First, why the physical address of the segment address = x16 + offset address?
PS: At first hours, I do not understand why it is stupid to N th power, we will address the physical as digital, digital computer is by a number of 0 or 1 free combination, and each one is either 0 either 1, only these two cases, it can be composed of an N-bit number N th power of 2 addresses the
8086CPU address bus is 20 (bits) , and therefore can be 104 to 8576 (1M) a memory unit address number, and registers and data bus are 16-bit , 16-bit corresponding to 6 5536 (64K), so that waste all sorts of memory space, ah, supposed to? So smart people had a whole address adder, an address adder doing manual labor is the 16-bit segment address by 16, why did it have to be 16? I let you do things: you put the numbers 68 left one is how much you tell me 680, yes, you put up 68 zeros behind is actually multiplied by 10, I let you put the hex 38H the left one just like you still do that later make up a 0 is 380H, but it is still multiplied by 10H, and 10H correspond here 16,1 decimal digit hexadecimal corresponds to four binary, the segment address is multiplied by a decimal 16, which is equivalent to the back of a 16-bit binary number complement a 4 0, wow this is not to make up a 20, avoiding the waste of memory, multiplied by 16 to get a complete first address (start address / foundation address), the first address as a start address plus a binary 16-bit offset address, the offset address is offset 0H ~ FFFFH (since the maximum 16-bit binary number is FFFFH), so that the maximum segment size is 64K ( FFFFH), we can later access memory space on the memory requires a logical segmentation based on.
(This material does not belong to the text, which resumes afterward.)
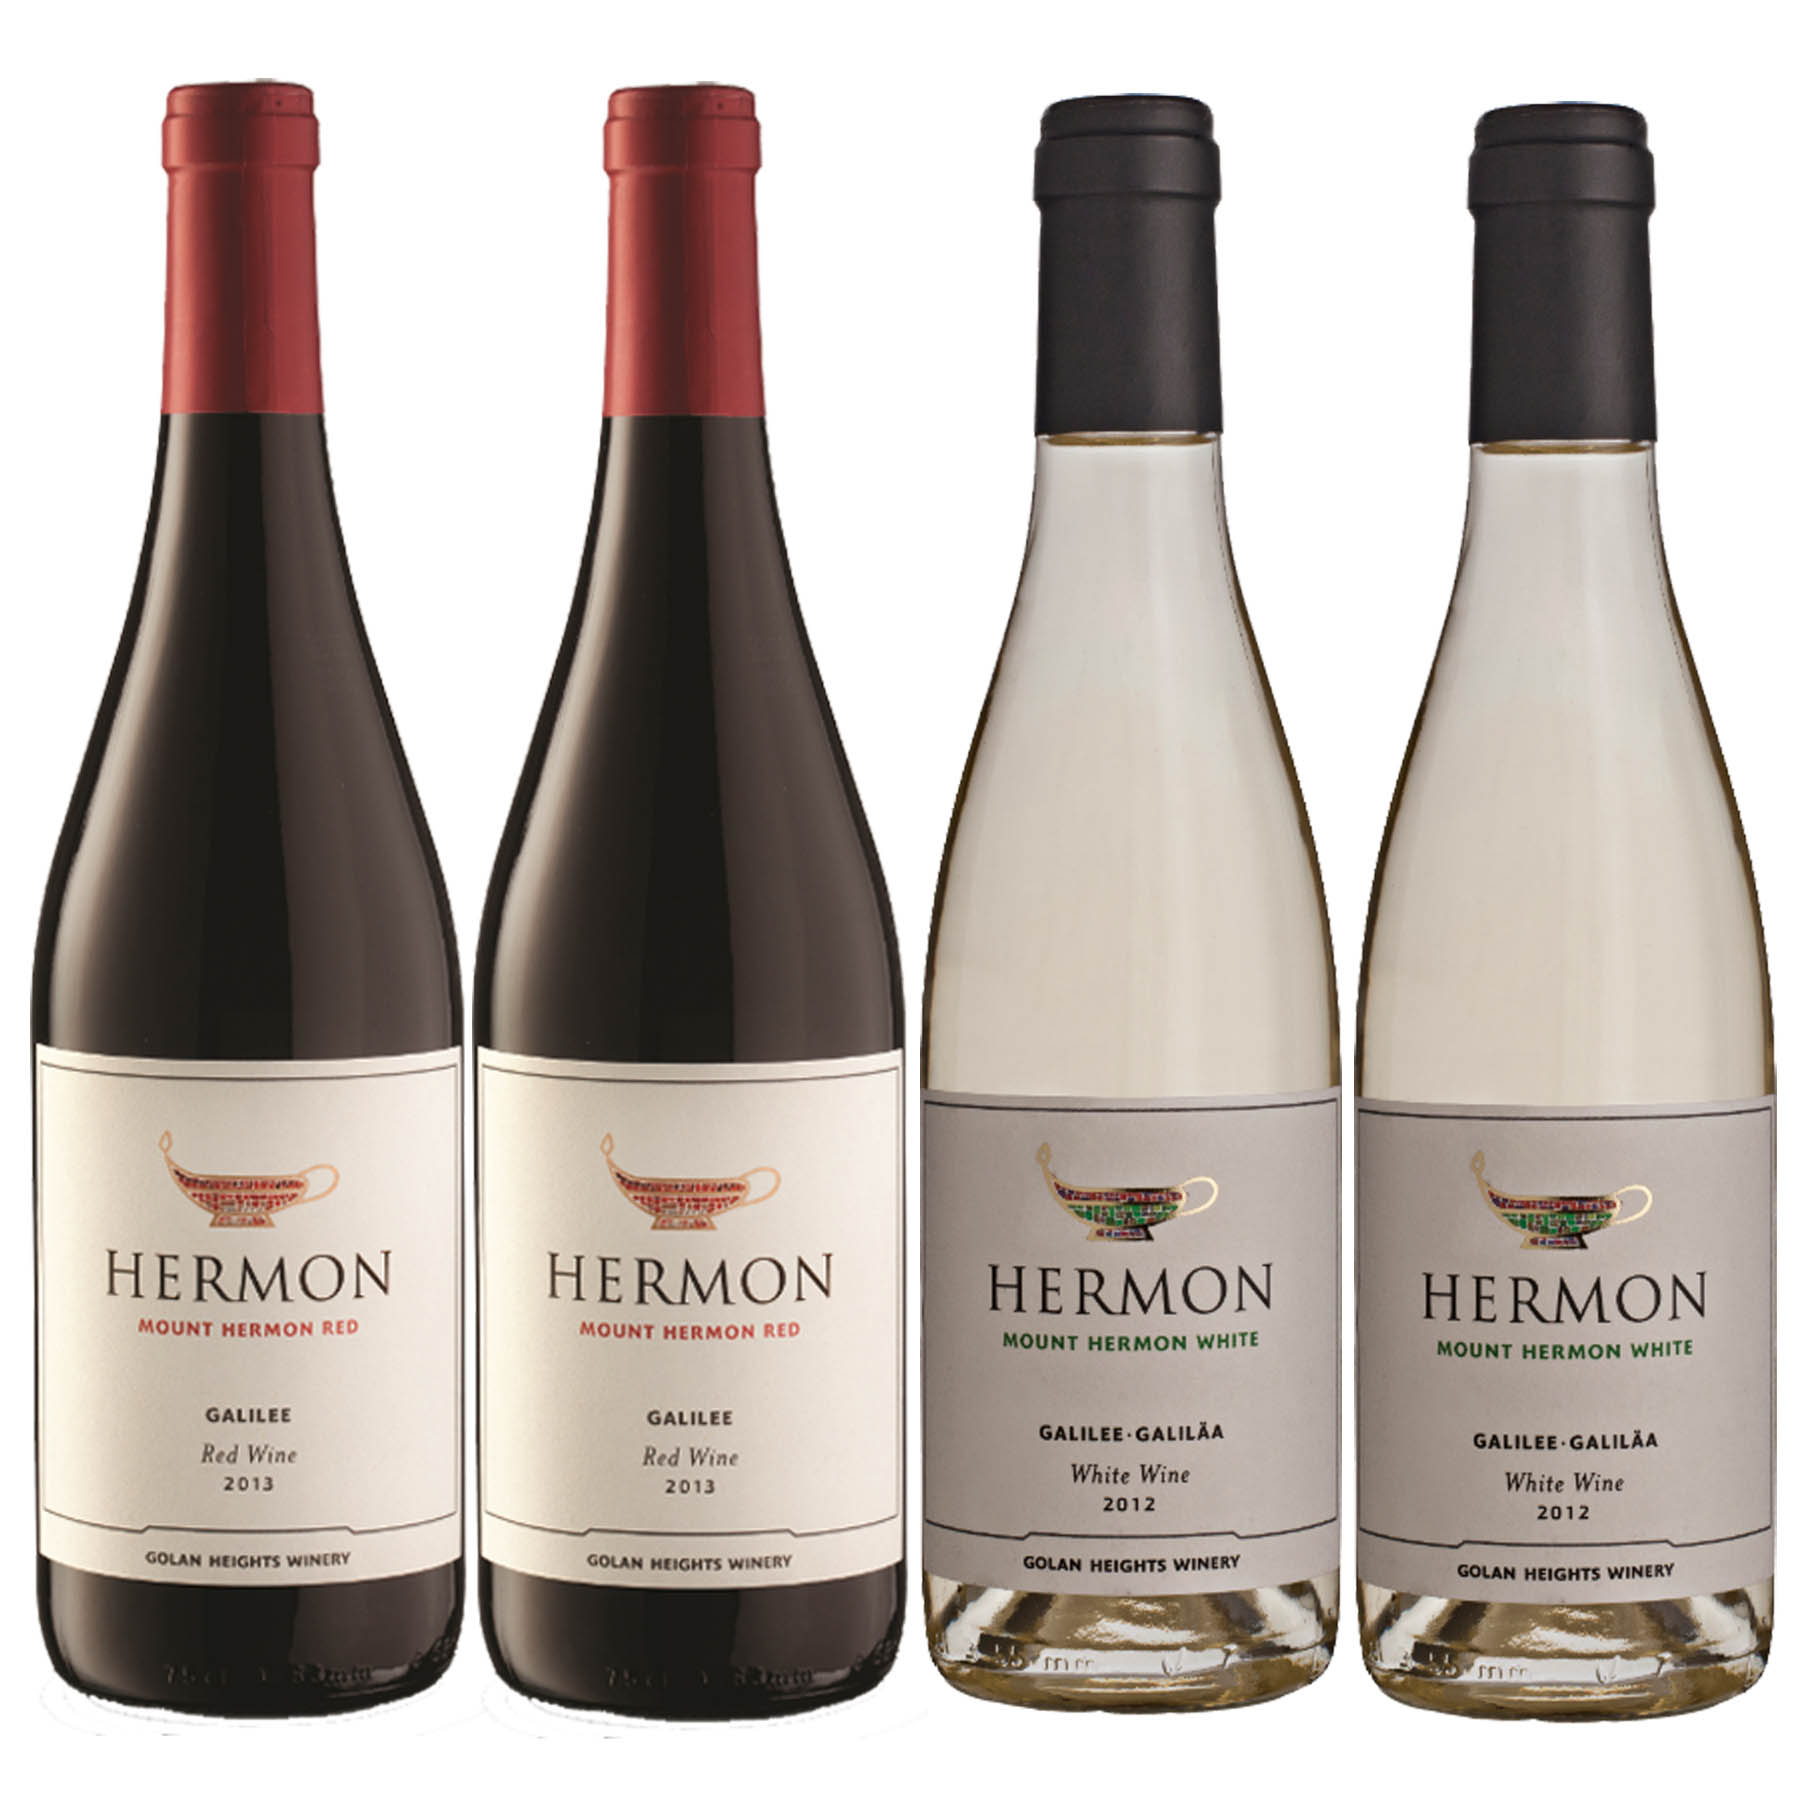 Kit 4 Vinho Branco/Tinto Israelense Kosher Hermon Yarden Golan Heights 2018

Second, the segment address is a multiple of a 16 x16
A look at the title this is not bullshit you. . . Wang Shuang until you see the teacher "assembly language" detection point 2.2, deepened the understanding of this sentence
We do a minimum number, according to the formula it is easy to think, when the maximum offset address FFFFH time address SA is certainly the smallest ah
①SAx16+FFFFH=20000H
②SAx16=20000H-FFFFH=10001H
③SA=10001H/16(10H)=1000H
This is too simple, right, take a look at Baidu right answer, the answer ye Nani is 1001H, where's the ah? Am I wrong? ? ? Forget the good times are 1000H, ah, Editor's Note?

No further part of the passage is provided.